Recorded data:
▼

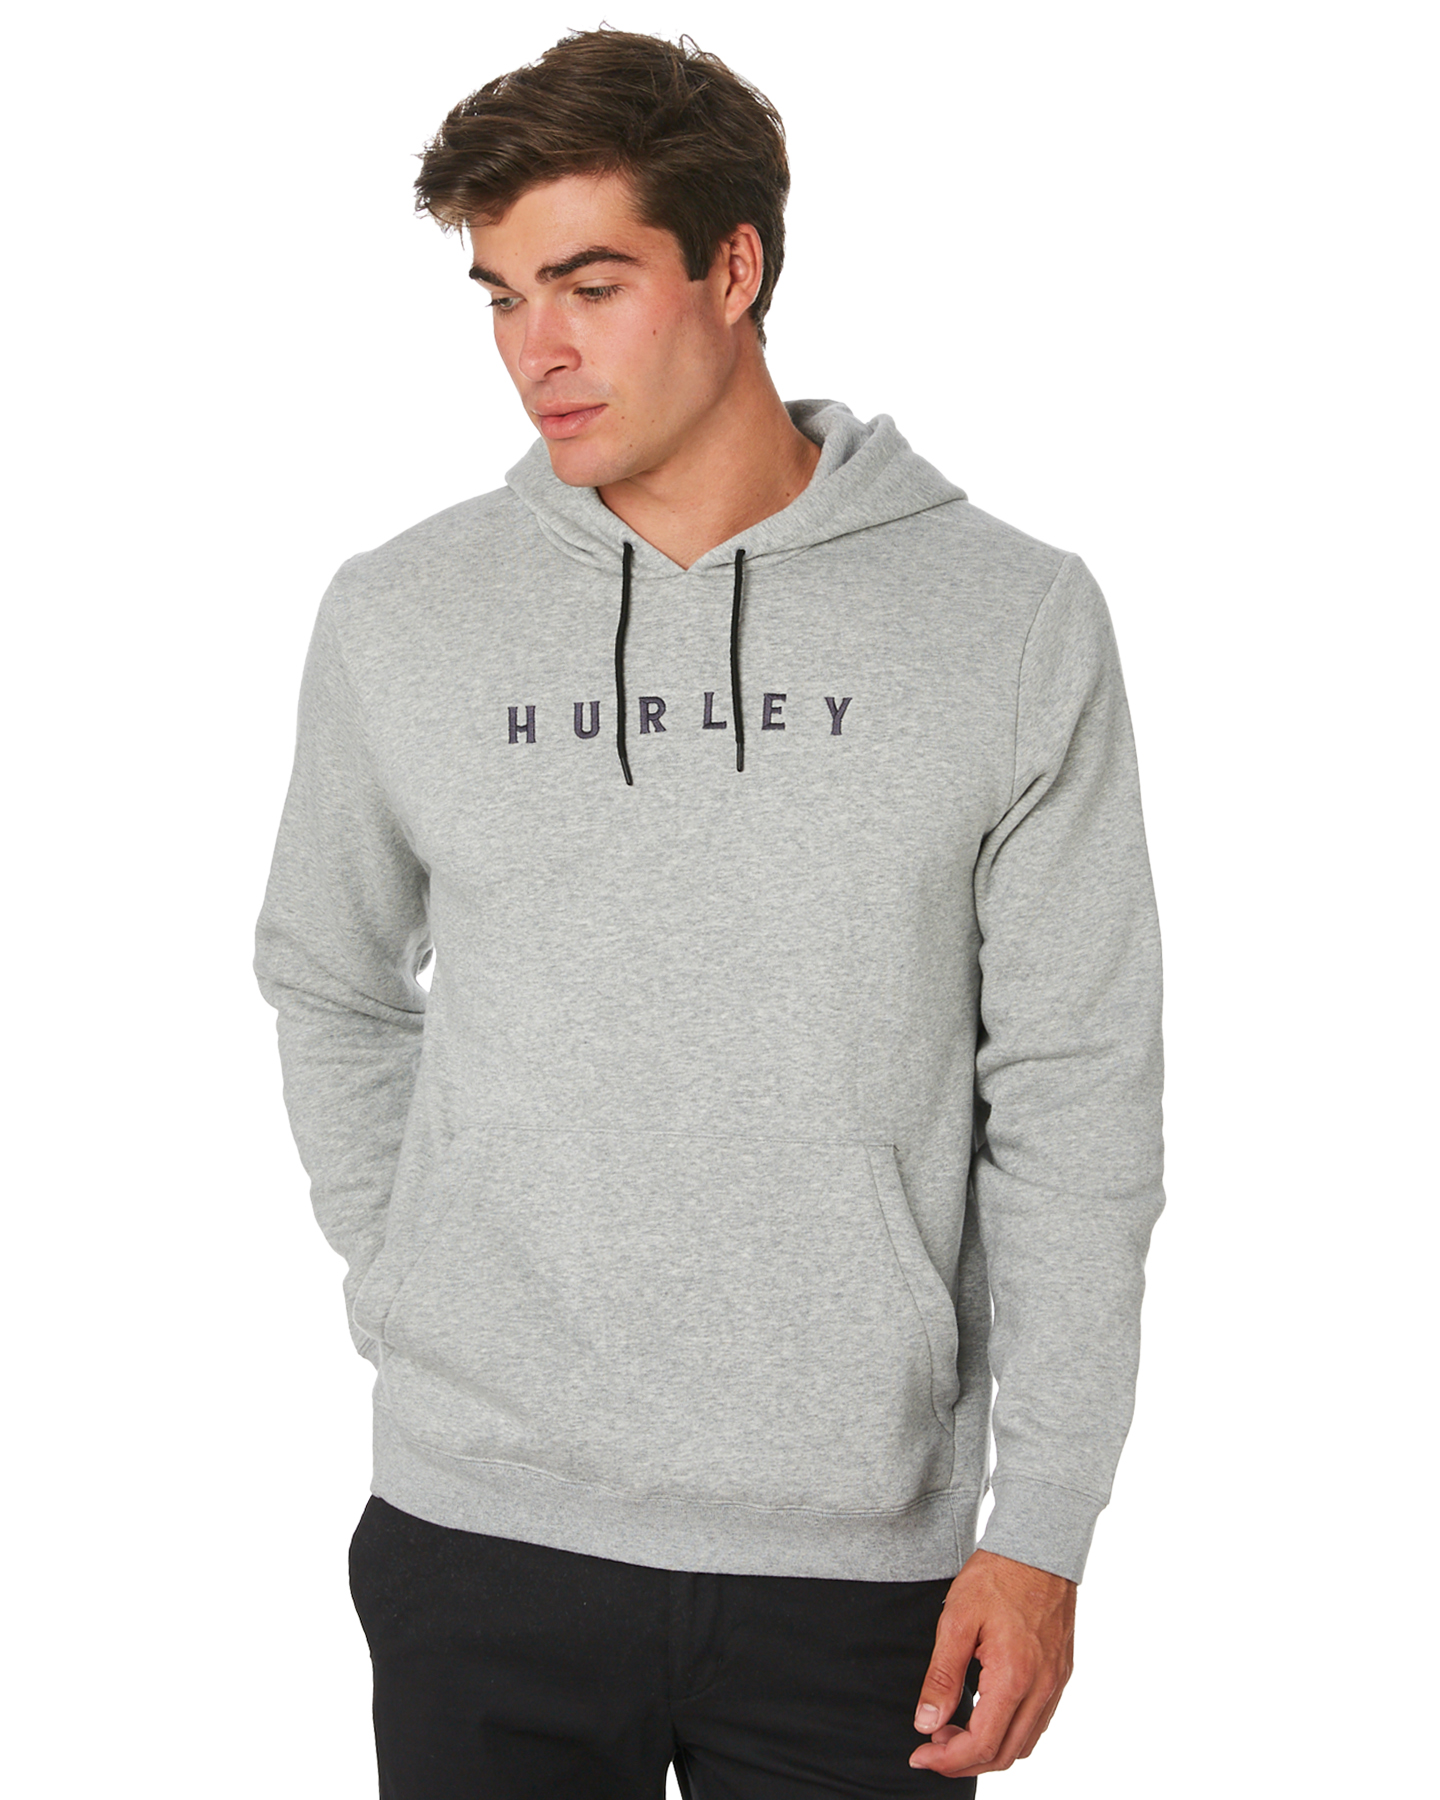 Hurley Homeward Pop Mens Hoodie - Dark Grey Heather | SurfStitch
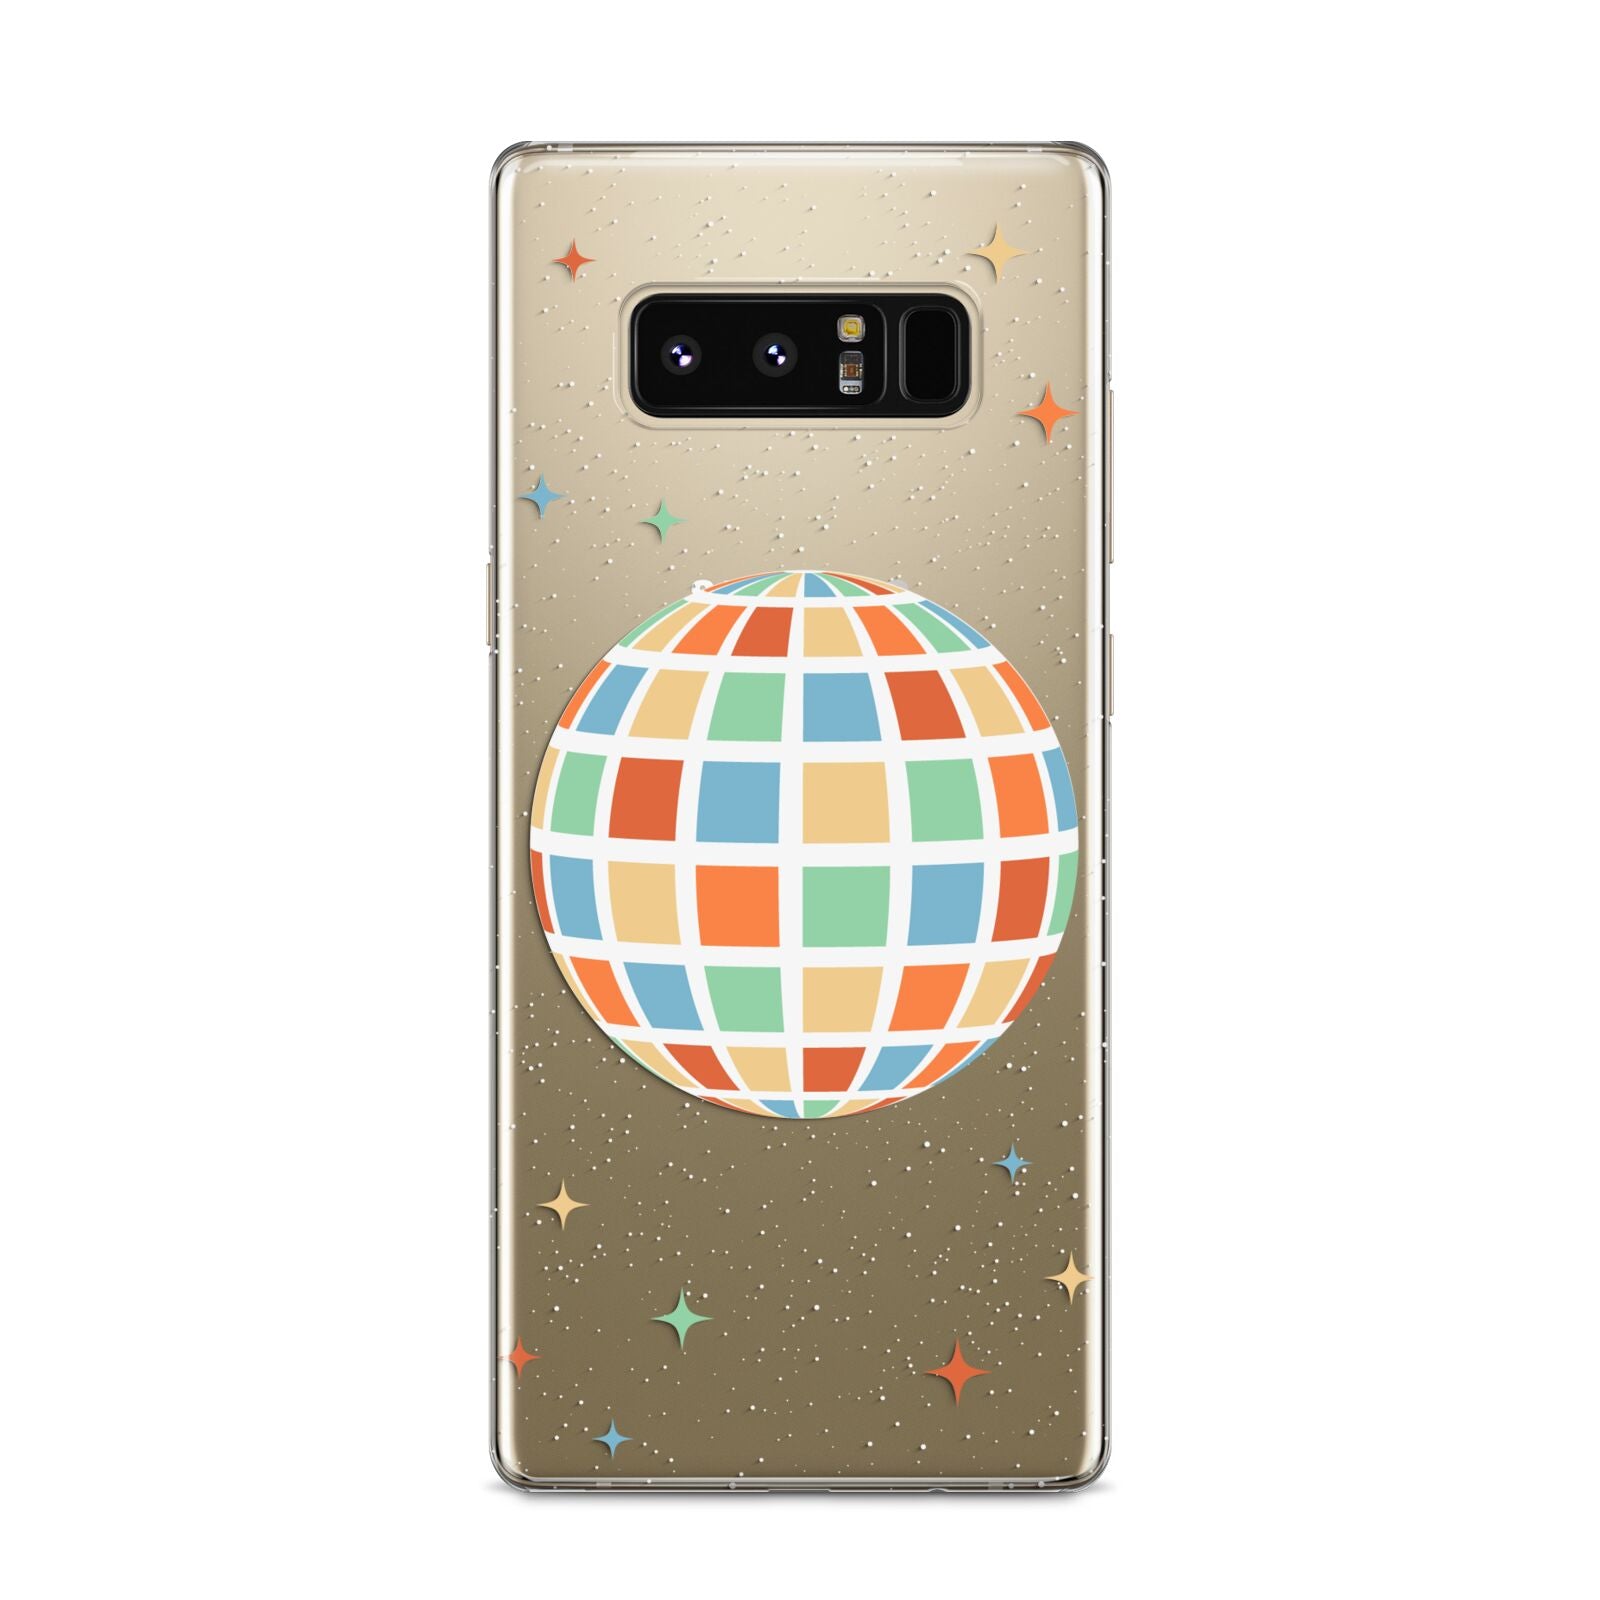 Disco Ball Samsung Galaxy S8 Case
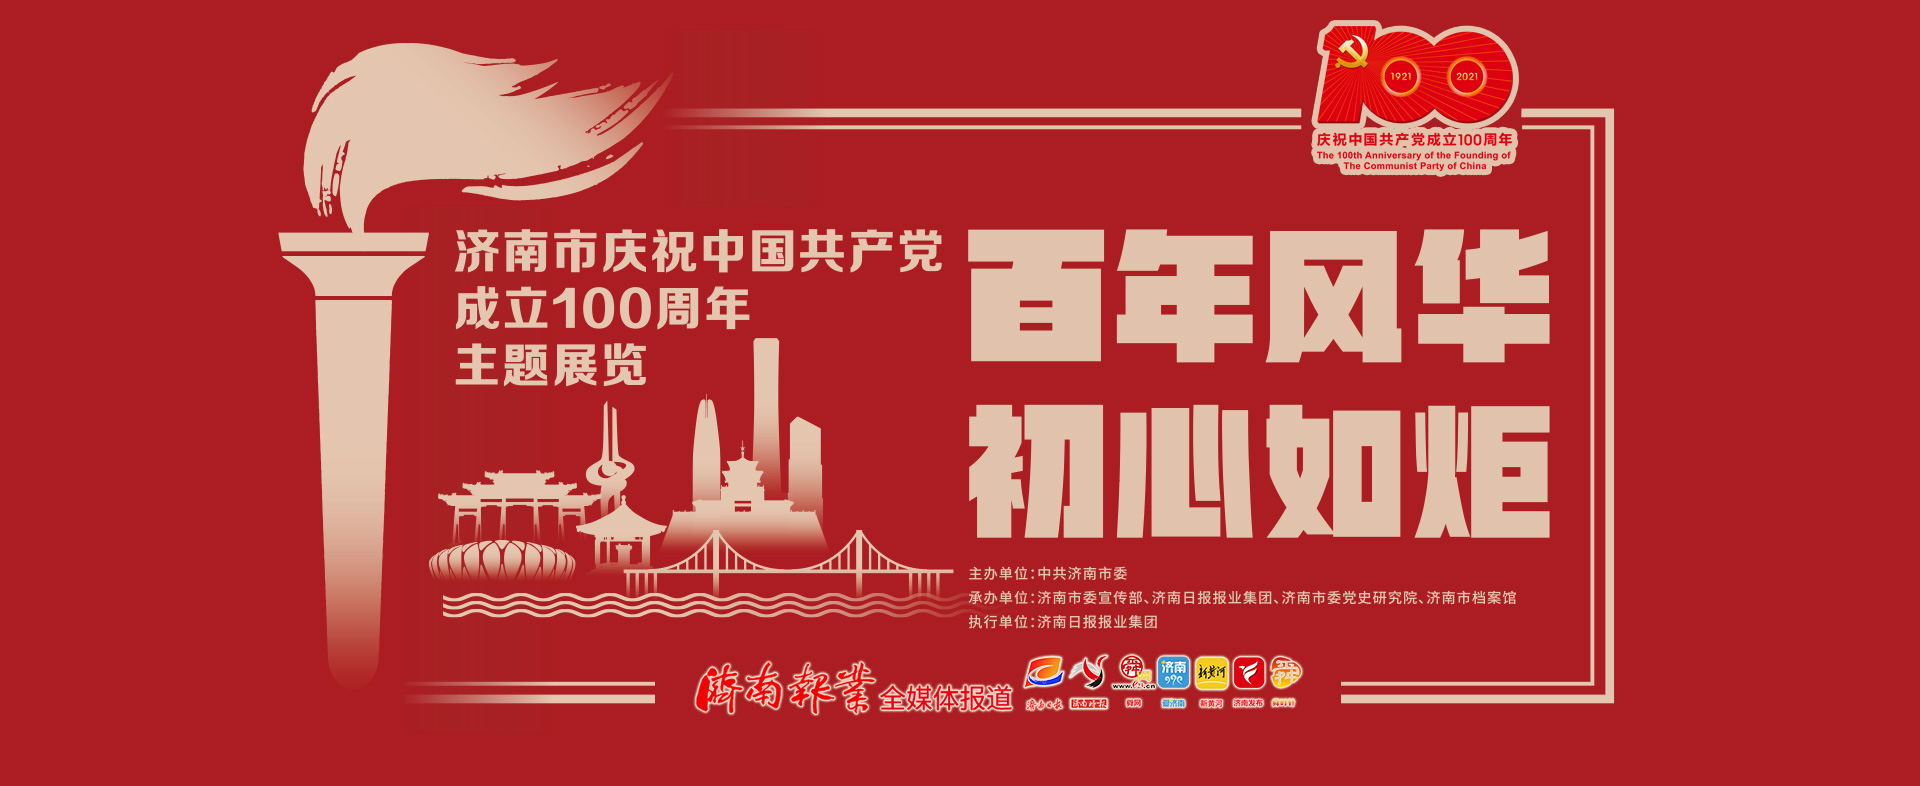 庆祝中国共产党成立100周年主题展览征集展品300余件

▲

Task requirements:
Set down each line of the material exactly and skip every image.

Result:
 Hurley Homeward Pop Mens Hoodie - Dark Grey Heather | SurfStitch
 Disco Ball Samsung Galaxy S8 Case
 庆祝中国共产党成立100周年主题展览征集展品300余件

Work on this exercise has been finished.